Obama's dilemma was that his reading of a Second Amendment that "means something" made it difficult for him to say the D.C. law was constitutional. His public pronouncements were so imprecise that The Associated Press misreported him at a February press conference in Milwaukee saying he "voiced support" for the ban.
In March and April, I tried unsuccessfully for weeks to get a simple "yes" or "no" from Obama on constitutionality. When the question for the first time was put to him directly at ABC's Philadelphia presidential debate on April 16, he answered, "I confess I obviously haven't listened to the briefs and looked at all the evidence." On National Public Radio April 21 the day before the Pennsylvania primary, Obama said, "I don't know all the details and specifics of the D.C. gun law." He had not been asked and had not volunteered his opinion prior to Thursday's decision.
The issue will return when Chicago's handgun ban, modeled after the Washington law, is challenged in the courts. As a Chicago lawyer, Obama can hardly plead ignorance as he did concerning the D.C. gun ban. But with the case wending its way back to the Supreme Court for the next year, Obama will not have to answer the question before the November election.

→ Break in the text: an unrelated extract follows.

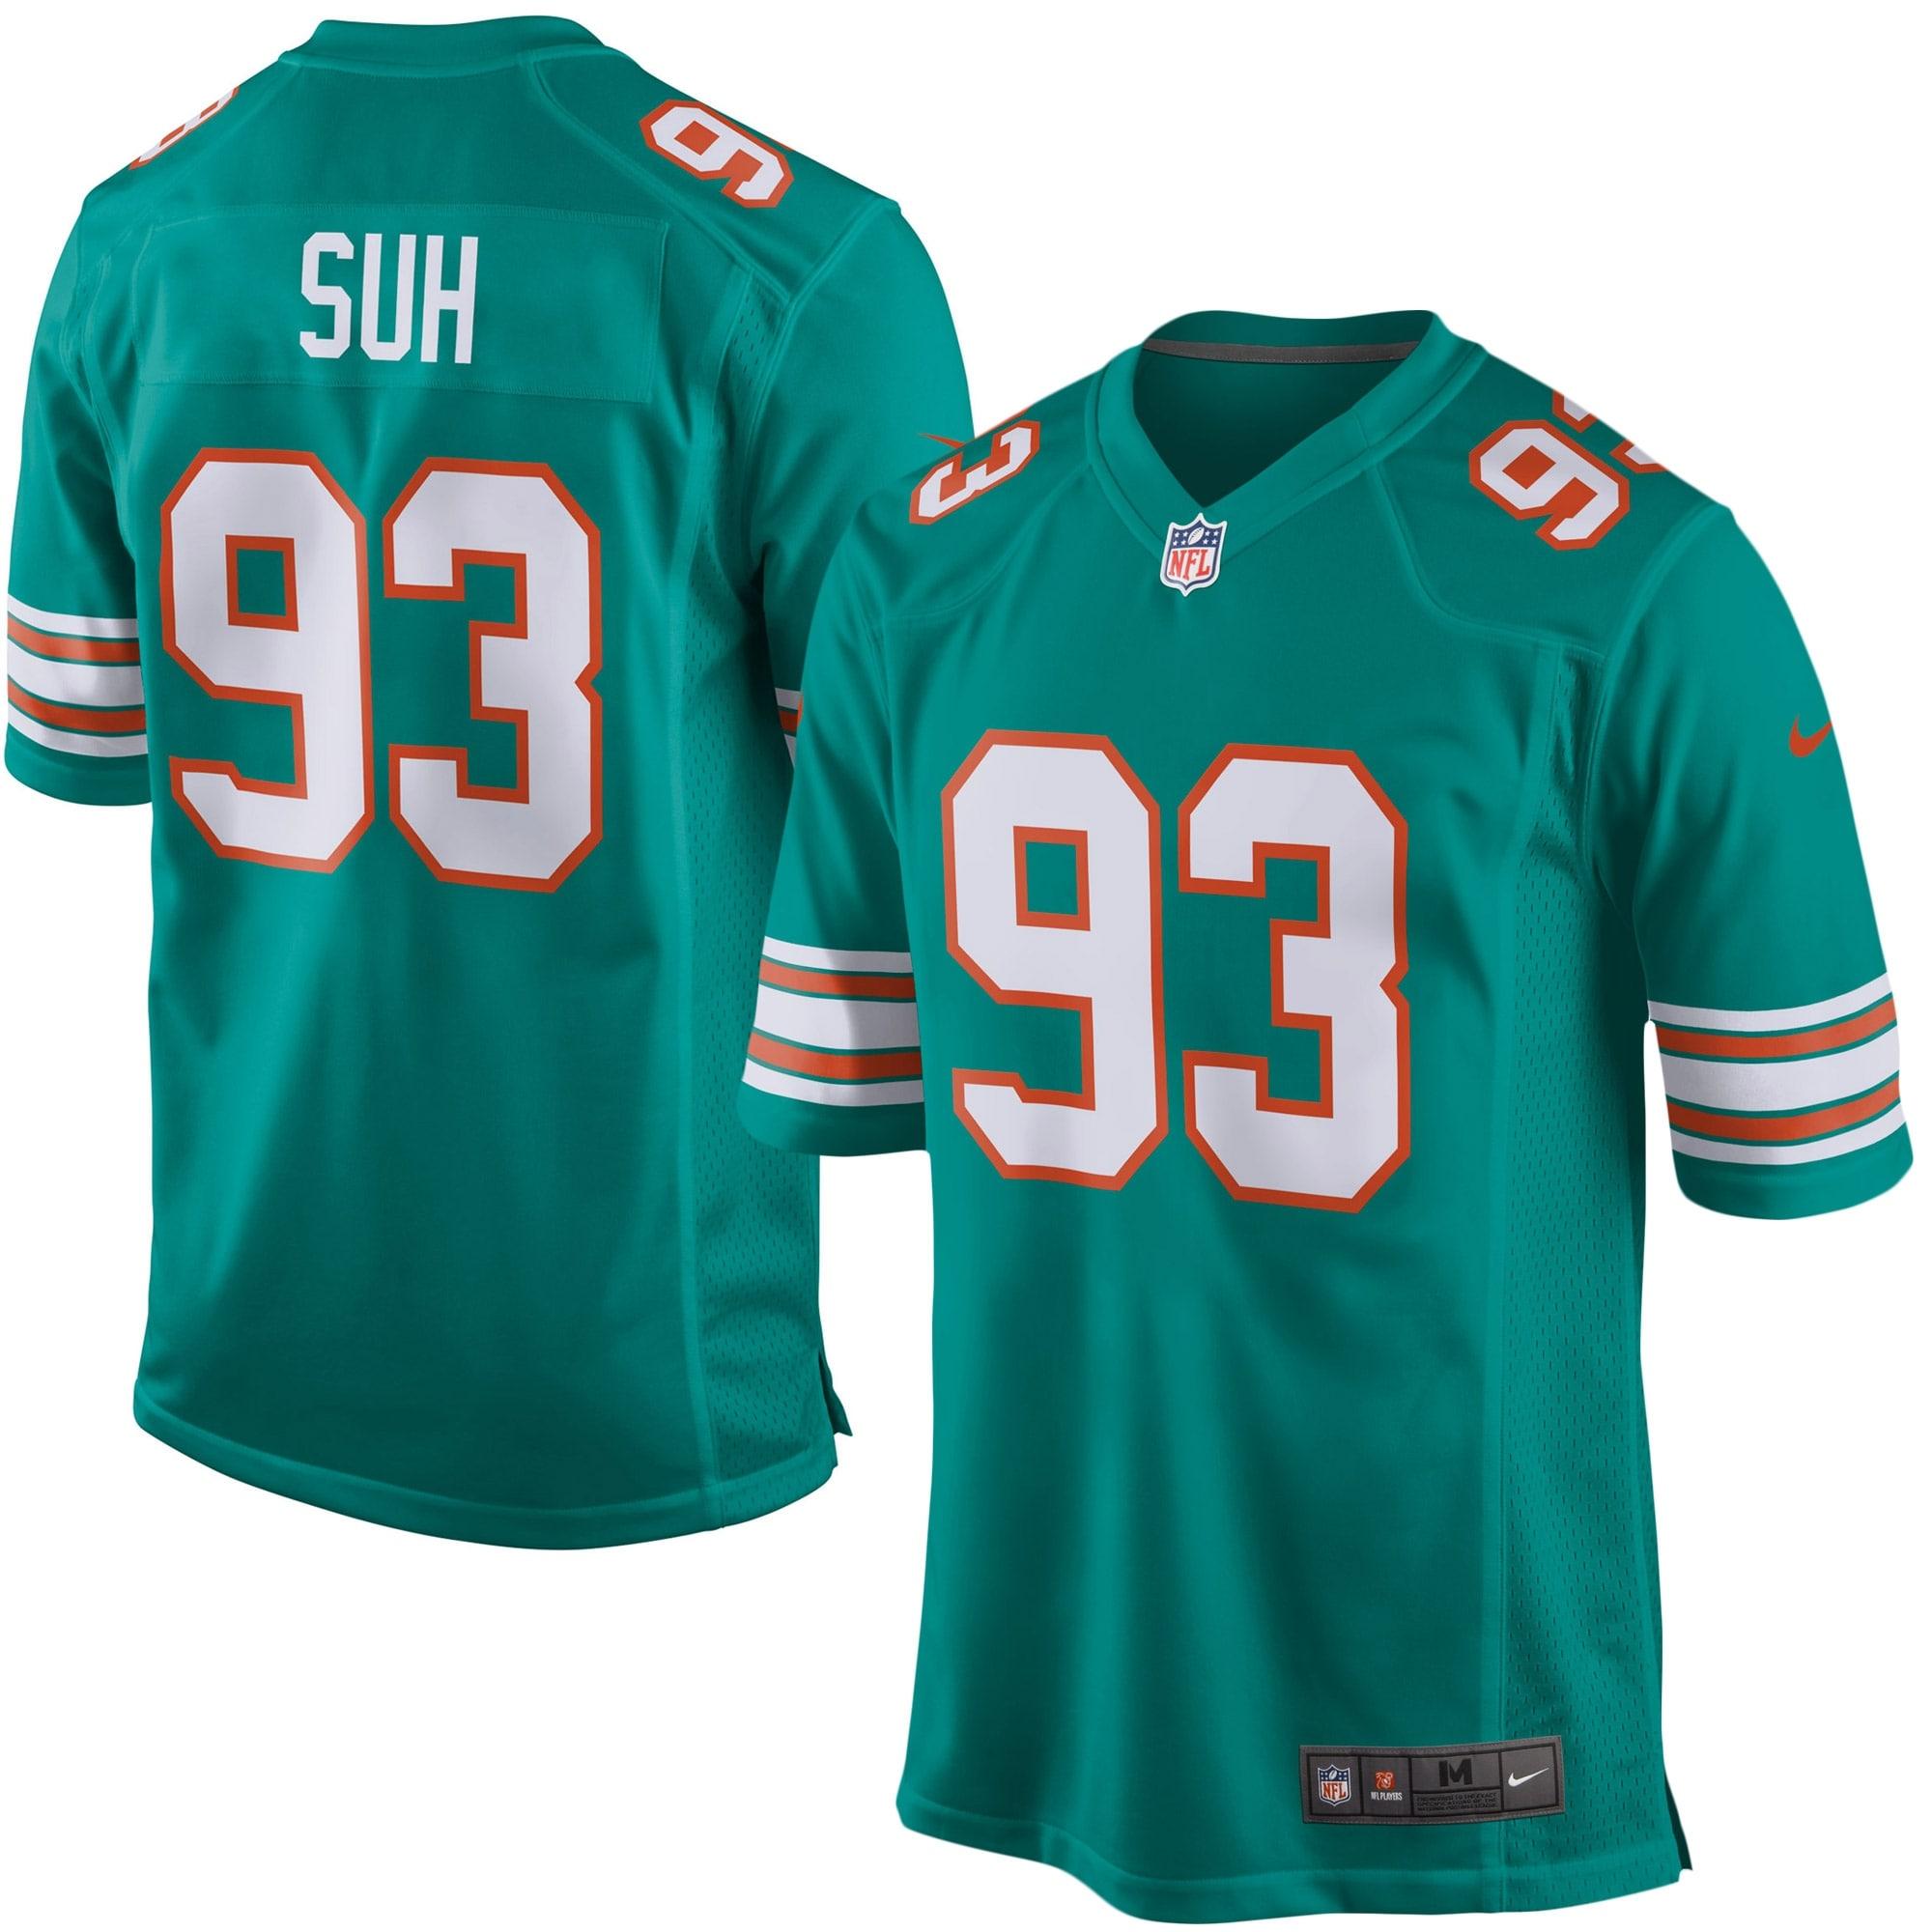 Ndamukong Suh Miami Dolphins Nike Alternate Game Jersey - Aqua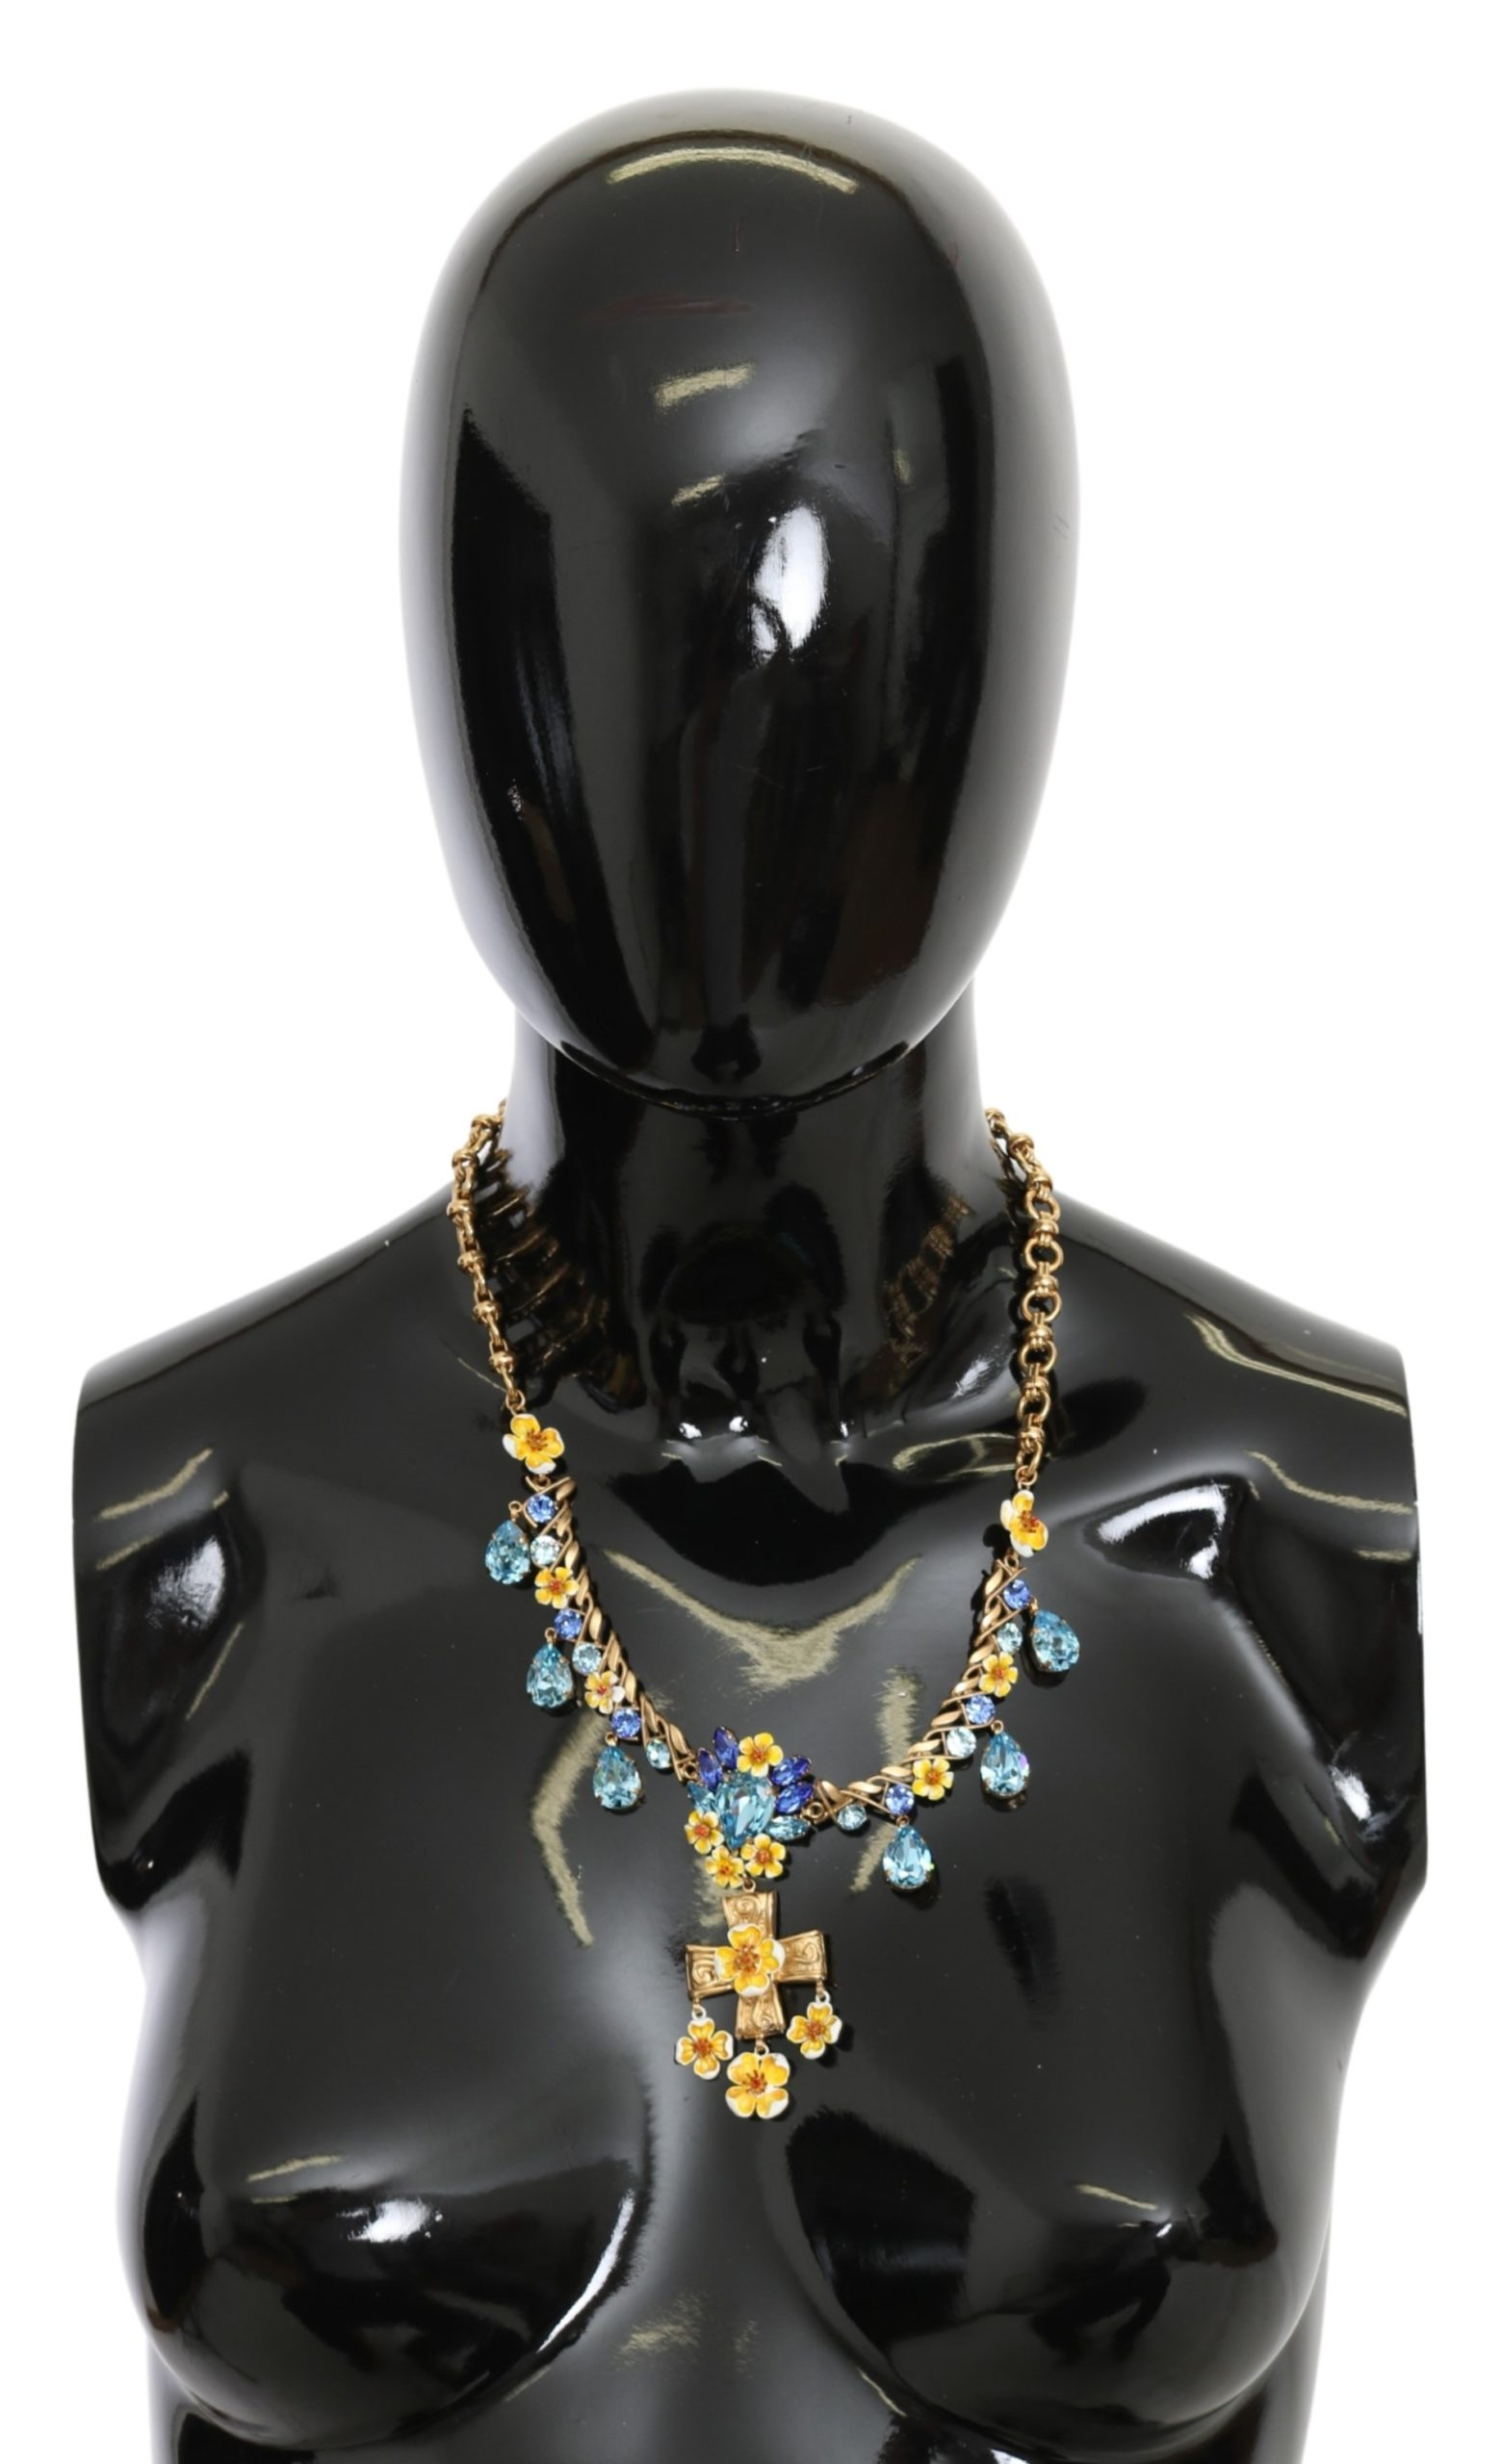 Dolce & Gabbana Women's Cross Crystal Floral Charm Necklace Blue SMY100204

While Scalia's opinion for now saves Obama from defending a court that had emasculated gun rights, one inconvenient truth confronts the candidate. He has made clear that as president he would nominate Supreme Court justices who agree with the minority of four that the Second Amendment is meaningless. Would he want a reconstituted court to roll back the District of Columbia decision when the Chicago case gets there?